### What is expected
Your task is to copy the listing exactly, with the pictures left out.

### Collected data
• • • • • • •
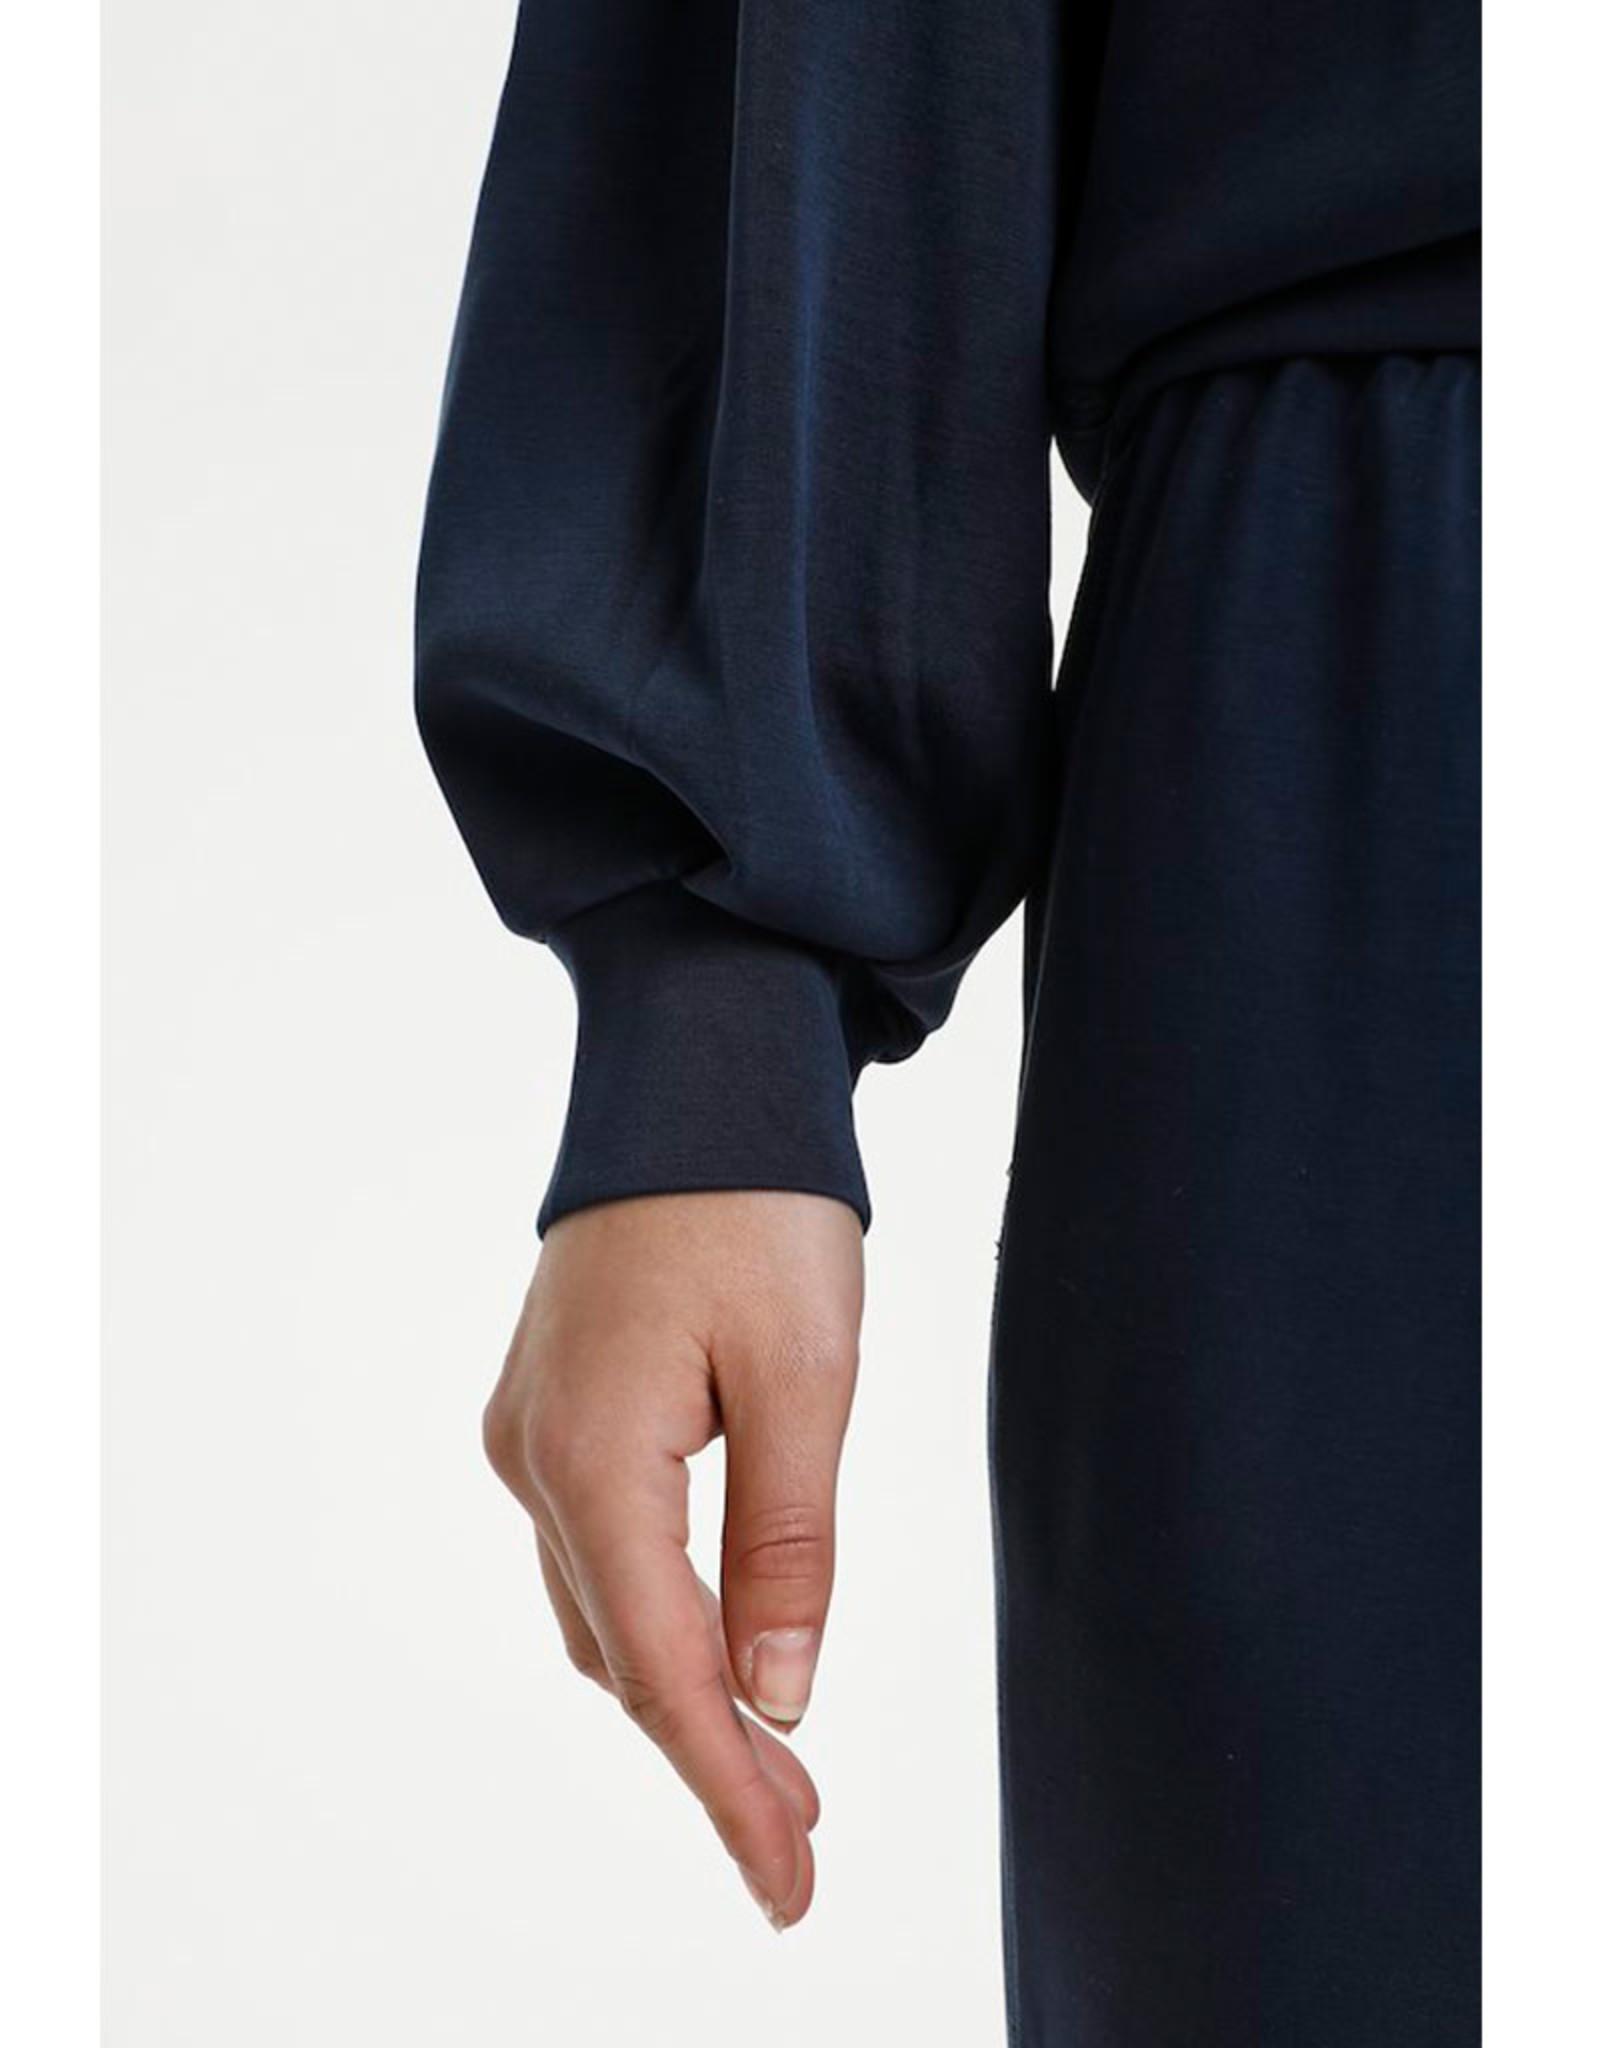 My Essential Wardrobe The Sweat Pant
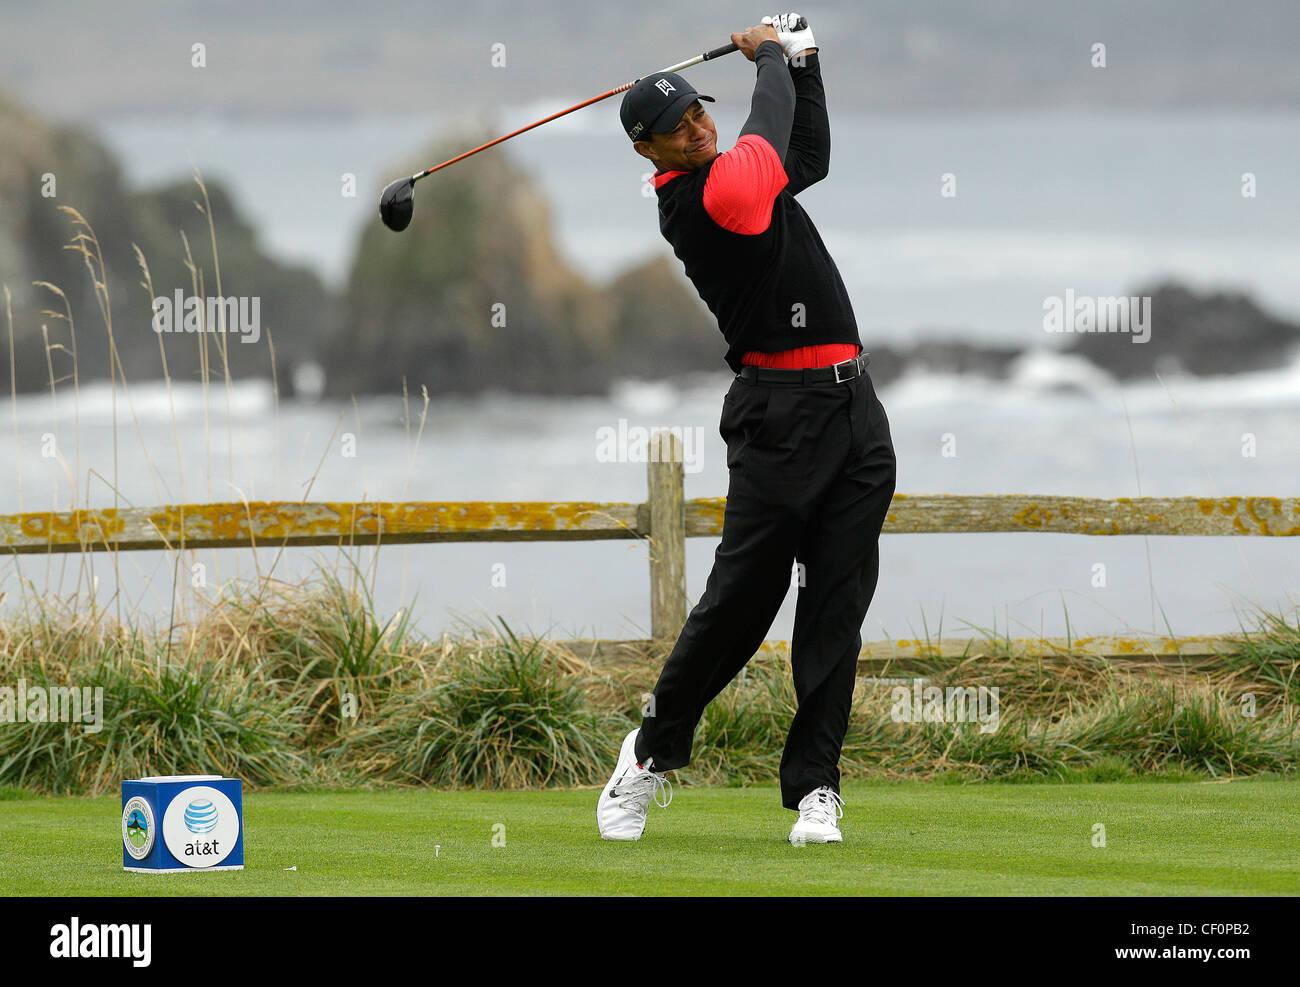 Tiger Woods Pga Golf Golfer Swing Club Pebble Beach Scenic
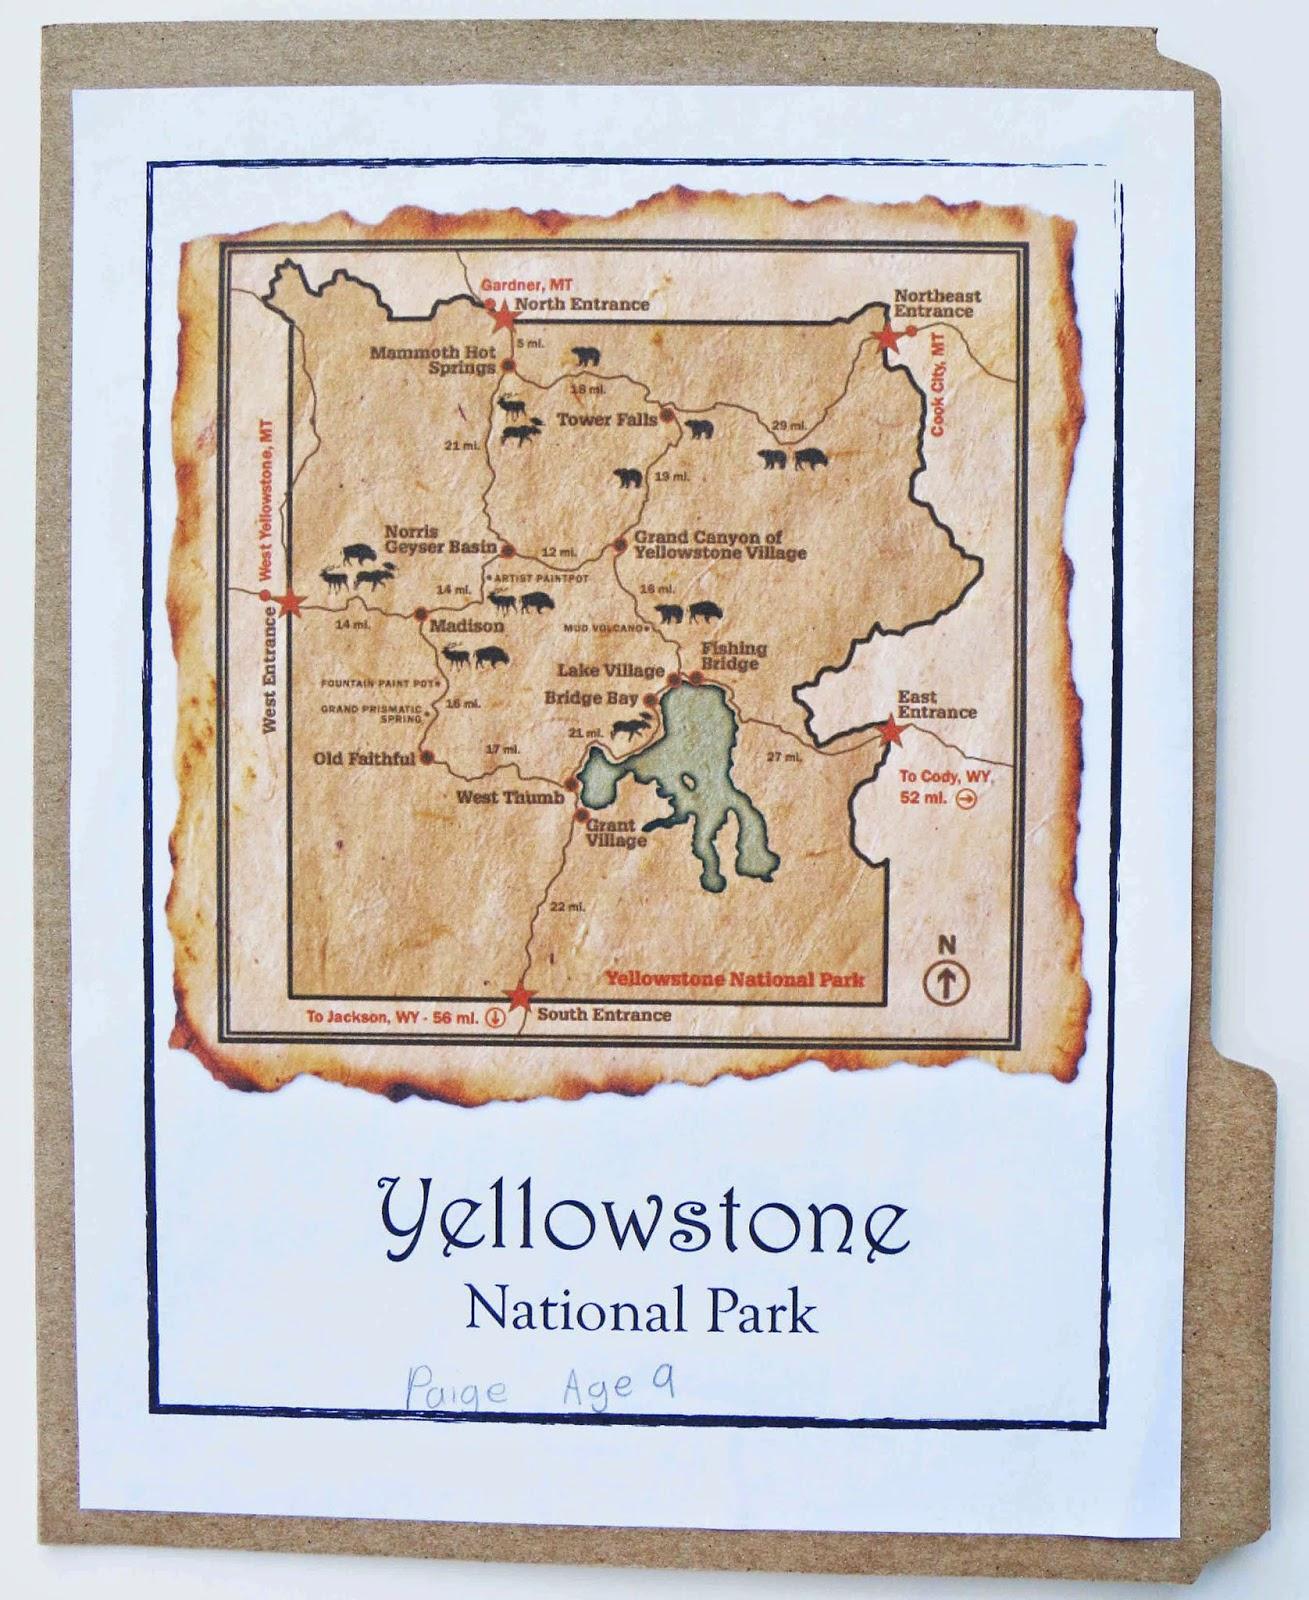 worksheet Yellowstone National Park Worksheets free yellowstone national park lapbook homeschool deals
• • • • • • •
### Written answer
 My Essential Wardrobe The Sweat Pant
 Tiger Woods Pga Golf Golfer Swing Club Pebble Beach Scenic
 worksheet Yellowstone National Park Worksheets free yellowstone national park lapbook homeschool deals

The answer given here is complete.